Re: [PATCH] x86: tsc: Rework time_cpufreq_notifier()
From: Viresh Kumar
Date: Mon Apr 22 2019 - 04:17:37 EST
On 18-04-19, 16:11, Rafael J. Wysocki wrote:
> From: Rafael J. Wysocki <rafael.j.wysocki@xxxxxxxxx>
>
> There are problems with running time_cpufreq_notifier() on SMP
> systems.
>
> First off, the rdtsc() called from there runs on the CPU executing
> that code and not necessarily on the CPU whose sched_clock() rate is
> updated which is questionable at best.
>
> Second, in the cases when the frequencies of all CPUs in an SMP
> system are always in sync, it is not sufficient to update just
> one of them or the set associated with a given cpufreq policy on
> frequency changes - all CPUs in the system should be updated and
> that would require more than a simple transition notifier.
>
> Note, however, that the underlying issue (the TSC rate depending on
> the CPU frequency) has not been present in hardware shipping for the
> last few years and in quite a few relevant cases (acpi-cpufreq in
> particular) running time_cpufreq_notifier() will cause the TSC to
> be marked as unstable anyway.
>
> For this reason, make time_cpufreq_notifier() simply mark the TSC
> as unstable and give up when run on SMP and only try to carry out
> any adjustments otherwise.
>
> Signed-off-by: Rafael J. Wysocki <rafael.j.wysocki@xxxxxxxxx>
> ---
> arch/x86/kernel/tsc.c | 29 ++++++++++++++---------------
> 1 file changed, 14 insertions(+), 15 deletions(-)
>
> Index: linux-pm/arch/x86/kernel/tsc.c
> ===================================================================
> --- linux-pm.orig/arch/x86/kernel/tsc.c
> +++ linux-pm/arch/x86/kernel/tsc.c
> @@ -185,8 +185,7 @@ static void __init cyc2ns_init_boot_cpu(
> /*
> * Secondary CPUs do not run through tsc_init(), so set up
> * all the scale factors for all CPUs, assuming the same
> - * speed as the bootup CPU. (cpufreq notifiers will fix this
> - * up if their speed diverges)
> + * speed as the bootup CPU.
> */
> static void __init cyc2ns_init_secondary_cpus(void)
> {
> @@ -937,12 +936,12 @@ void tsc_restore_sched_clock_state(void)
> }
>
> #ifdef CONFIG_CPU_FREQ
> -/* Frequency scaling support. Adjust the TSC based timer when the cpu frequency
> +/*
> + * Frequency scaling support. Adjust the TSC based timer when the CPU frequency
> * changes.
> *
> - * RED-PEN: On SMP we assume all CPUs run with the same frequency. It's
> - * not that important because current Opteron setups do not support
> - * scaling on SMP anyroads.
> + * NOTE: On SMP the situation is not fixable in general, so simply mark the TSC
> + * as unstable and give up in those cases.
> *
> * Should fix up last_tsc too. Currently gettimeofday in the
> * first tick after the change will be slightly wrong.

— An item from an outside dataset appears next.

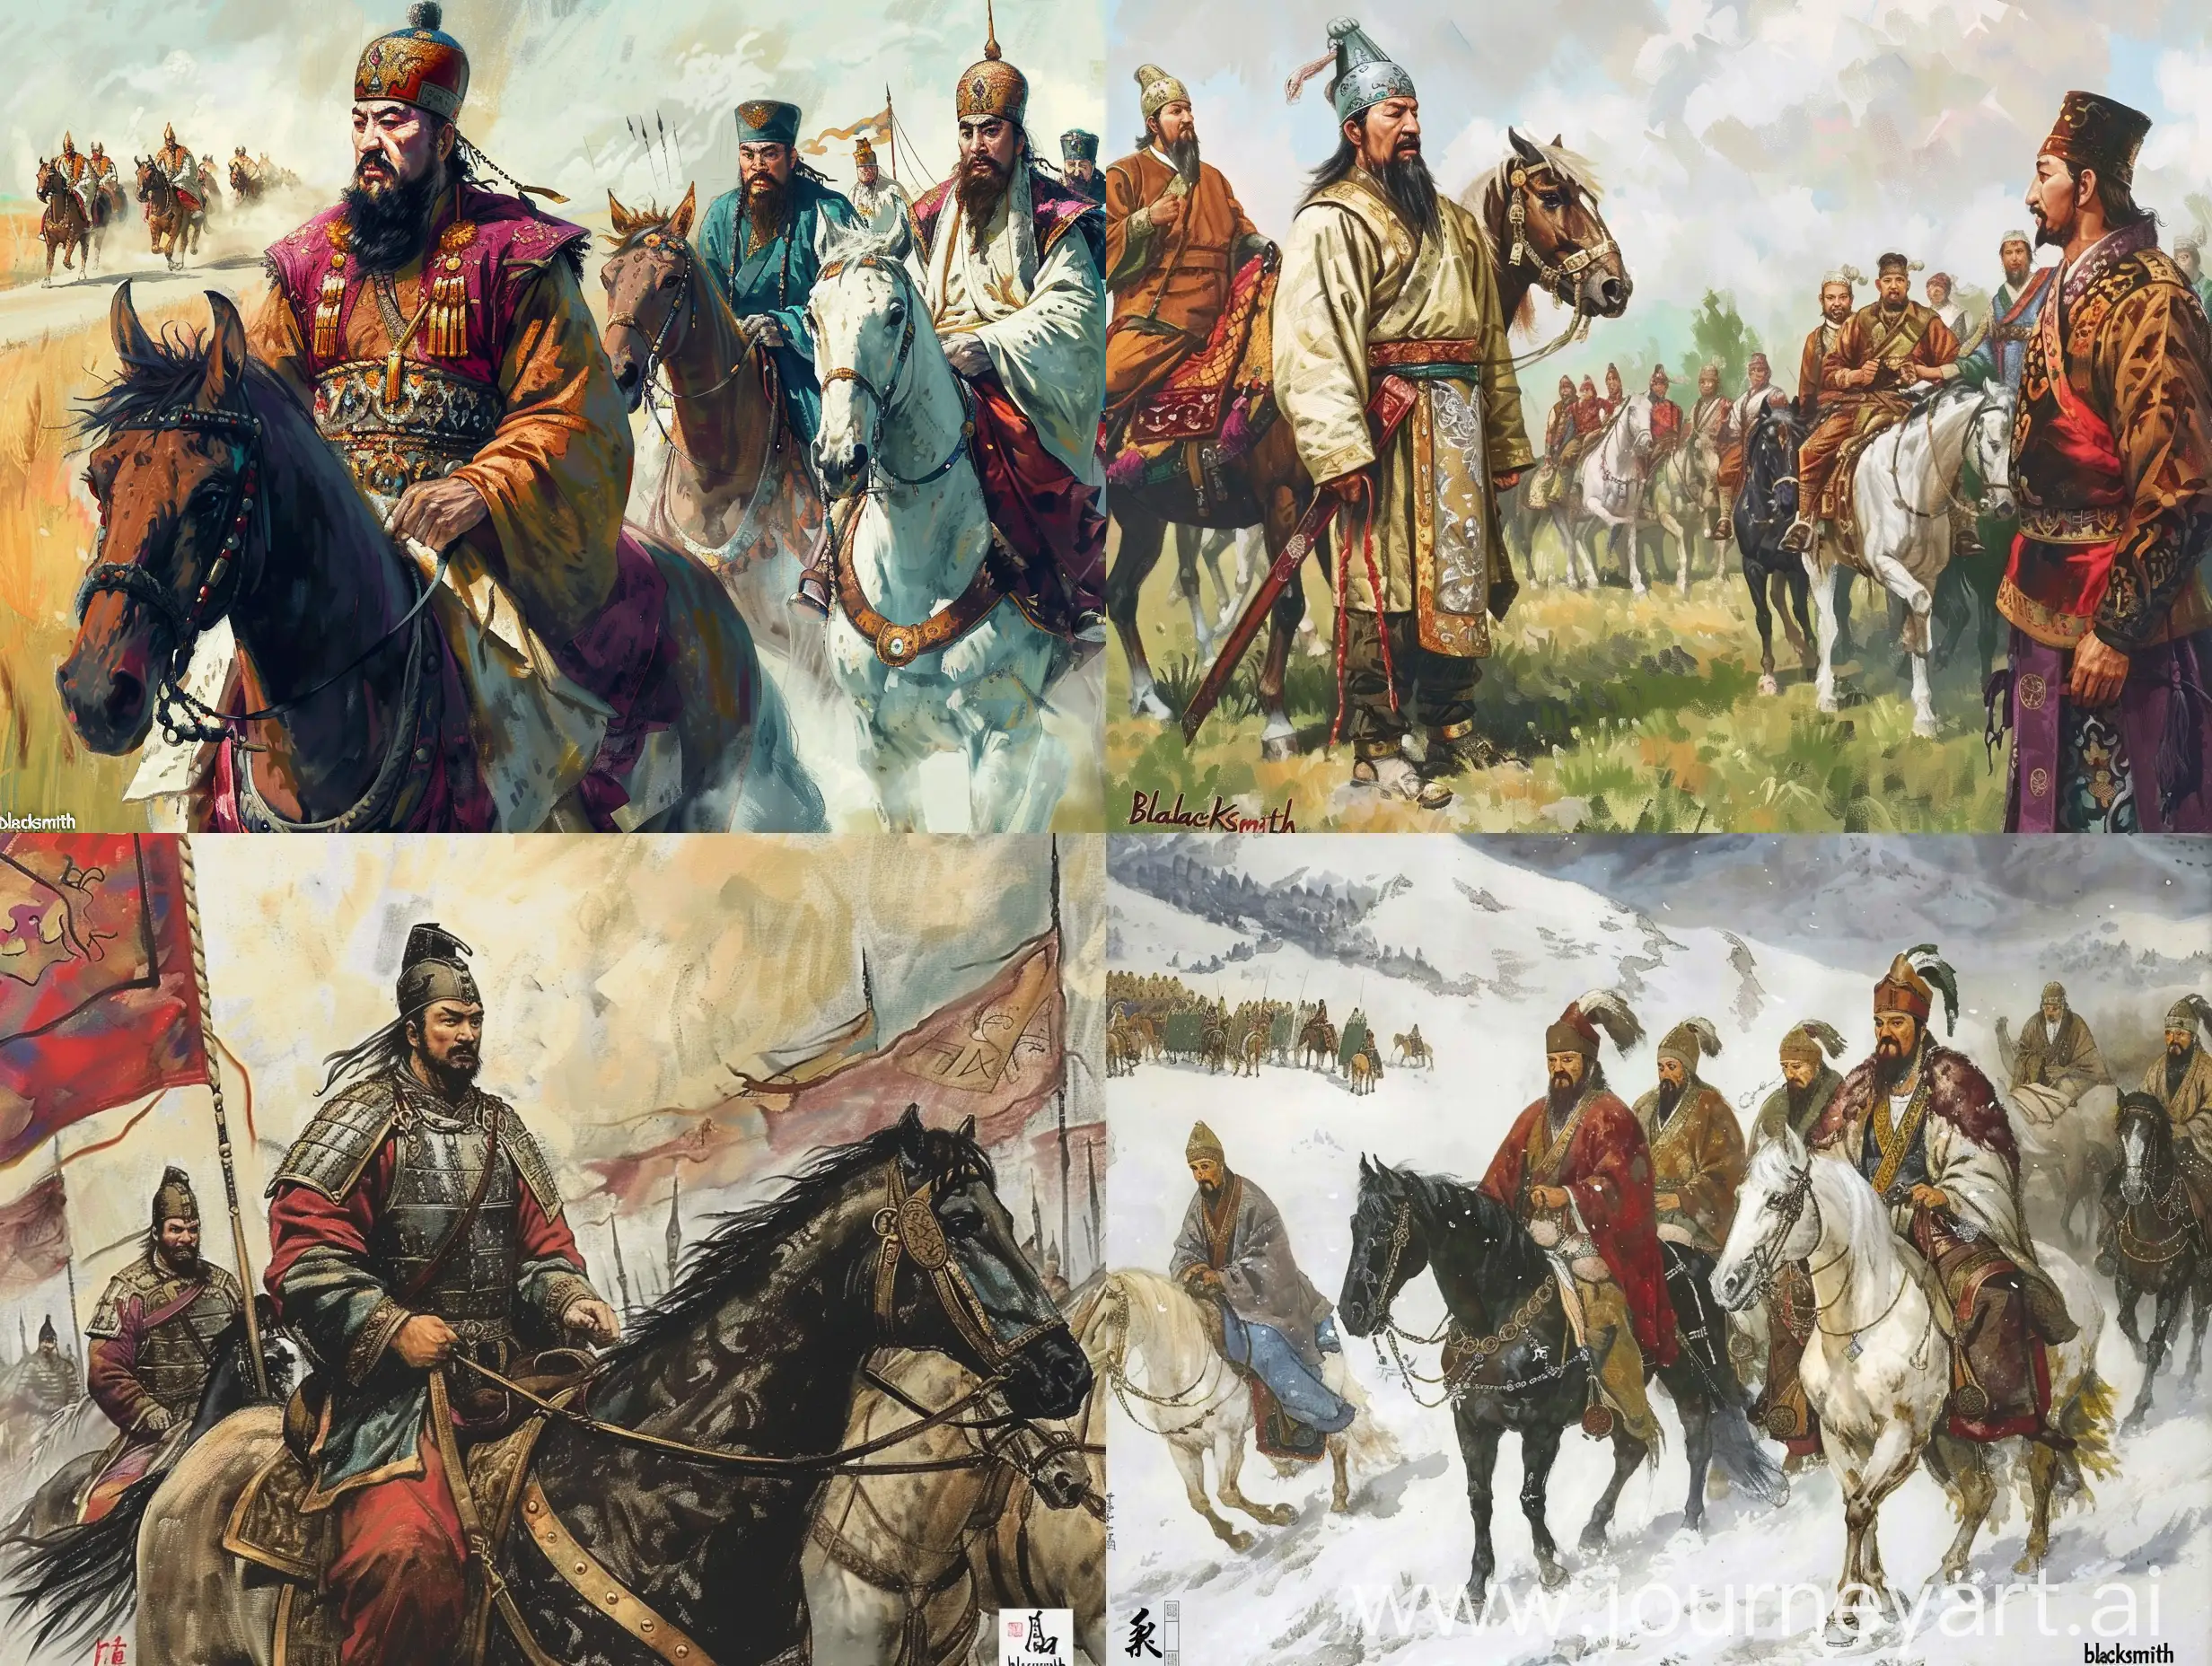 According to the History of the Turkic Northern Dynasties, Bumin's tribe began to grow stronger in 545 and frequently invaded Wei's western border. Wei's chancellor sent an envoy, An Nuopanto, to establish trade relations with the Göktürk leader Bumin. Bumin paid tribute to Western Wei in 546 and in the same year suppressed a rebellion against the Rouran Khaganate, the Tiele tribe. Later, Bumin wanted to ask the Rouran Khaganate for a princess, but the Rouran Khan Anagui refused and insulted him. Bumin was enraged and killed Anagui's envoy, severing relations with the Rouran Khaganate. Anagui's insult of “blacksmith” was recorded in the Chinese chronicles, and some sources noted that the Turks were blacksmiths for the Rouran elite and that this insult could imply a form of vassalage in Rouran society. Following this, Bumin emerged as the leader of the rebellion against the Rouran.

> @@ -956,22 +955,22 @@ static int time_cpufreq_notifier(struct
> void *data)
> {
> struct cpufreq_freqs *freq = data;
> - unsigned long *lpj;
>
> - lpj = &boot_cpu_data.loops_per_jiffy;
> -#ifdef CONFIG_SMP
> - if (!(freq->flags & CPUFREQ_CONST_LOOPS))
> - lpj = &cpu_data(freq->cpu).loops_per_jiffy;
> -#endif
> + if (num_online_cpus() > 1) {
What about checking num_possible_cpus() instead ? So we reliably quit
everytime even if some CPUs are offlined.
And can we place this check before registering the notifier, so it
never gets called ?
> + mark_tsc_unstable("cpufreq changes on SMP");
> + return 0;
> + }
>
> if (!ref_freq) {
> ref_freq = freq->old;
> - loops_per_jiffy_ref = *lpj;
> + loops_per_jiffy_ref = boot_cpu_data.loops_per_jiffy;
> tsc_khz_ref = tsc_khz;
> }
> +
> if ((val == CPUFREQ_PRECHANGE && freq->old < freq->new) ||
> - (val == CPUFREQ_POSTCHANGE && freq->old > freq->new)) {
> - *lpj = cpufreq_scale(loops_per_jiffy_ref, ref_freq, freq->new);
> + (val == CPUFREQ_POSTCHANGE && freq->old > freq->new)) {
> + boot_cpu_data.loops_per_jiffy =
> + cpufreq_scale(loops_per_jiffy_ref, ref_freq, freq->new);
>
> tsc_khz = cpufreq_scale(tsc_khz_ref, ref_freq, freq->new);
> if (!(freq->flags & CPUFREQ_CONST_LOOPS))
>
>
--
viresh